# Recommender with Graphlab Create 

## 0. Registier, install and launch

* Register account with [Graphlab](https://turi.com/)
* Follow instructions in the email you received to install Graphlab Create
* Launch Graphlab Create

In [1]:
import numpy as np
import graphlab;
import pandas as pd
import matplotlib.pyplot as plt

## 1. Load your data in Dato's SFrame type.

In [2]:
df = pd.read_table('data/u.data',
                   names=["user", "movie", "rating", "timestamp"])
sf = graphlab.SFrame(df[['user', 'movie', 'rating']])

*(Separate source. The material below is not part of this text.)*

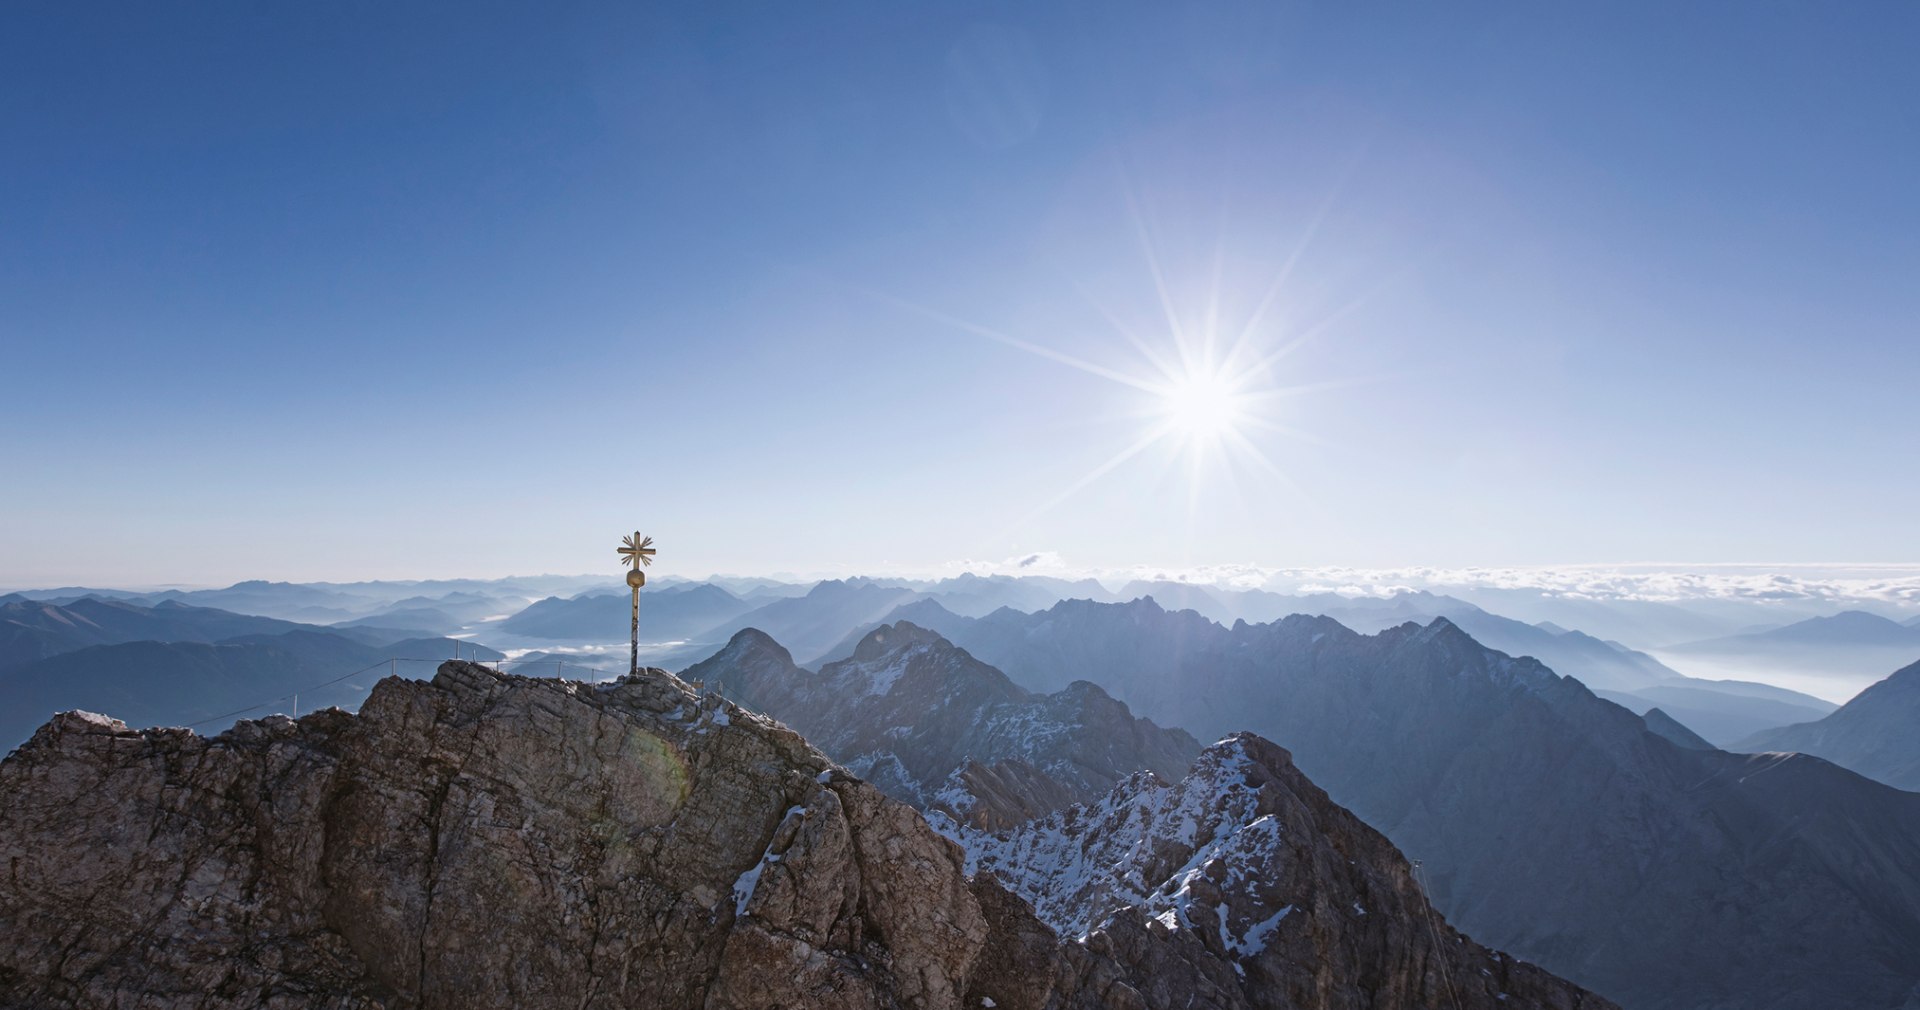 Zugspitze Gipfel mit Sonne, © Bayerische Zugspitzbahn AG, Matthias Fend
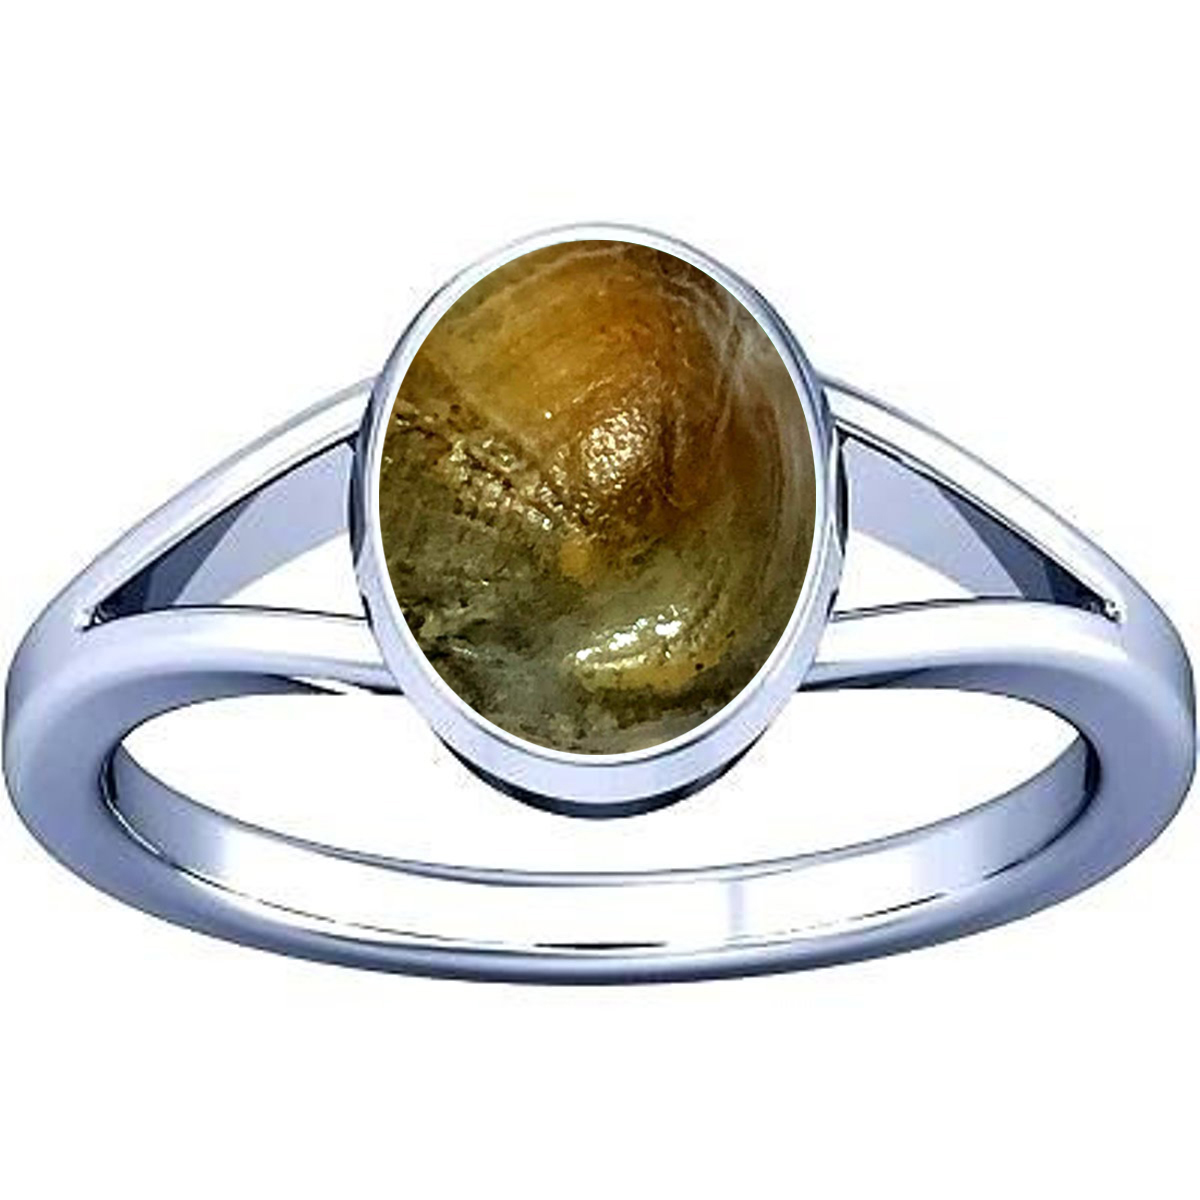 Diamond Ring On Groomed Lady Finger Stock Photo 1868499352 | Shutterstock

This non-commercial license of GraphLab Create for academic use is assigned to yihaoson@usc.edu and will expire on June 29, 2018.


[INFO] graphlab.cython.cy_server: GraphLab Create v2.1 started. Logging: C:\Users\songy\AppData\Local\Temp\graphlab_server_1498840243.log.0


In [3]:
sf.head(3)

user,movie,rating
196,242,3
186,302,3
22,377,1


## 2.Create a matrix factorization model.



In [4]:
rec = graphlab.recommender.factorization_recommender.create(
            sf,
            user_id='user',
            item_id='movie',
            target='rating',
            solver='als',
            side_data_factorization=False)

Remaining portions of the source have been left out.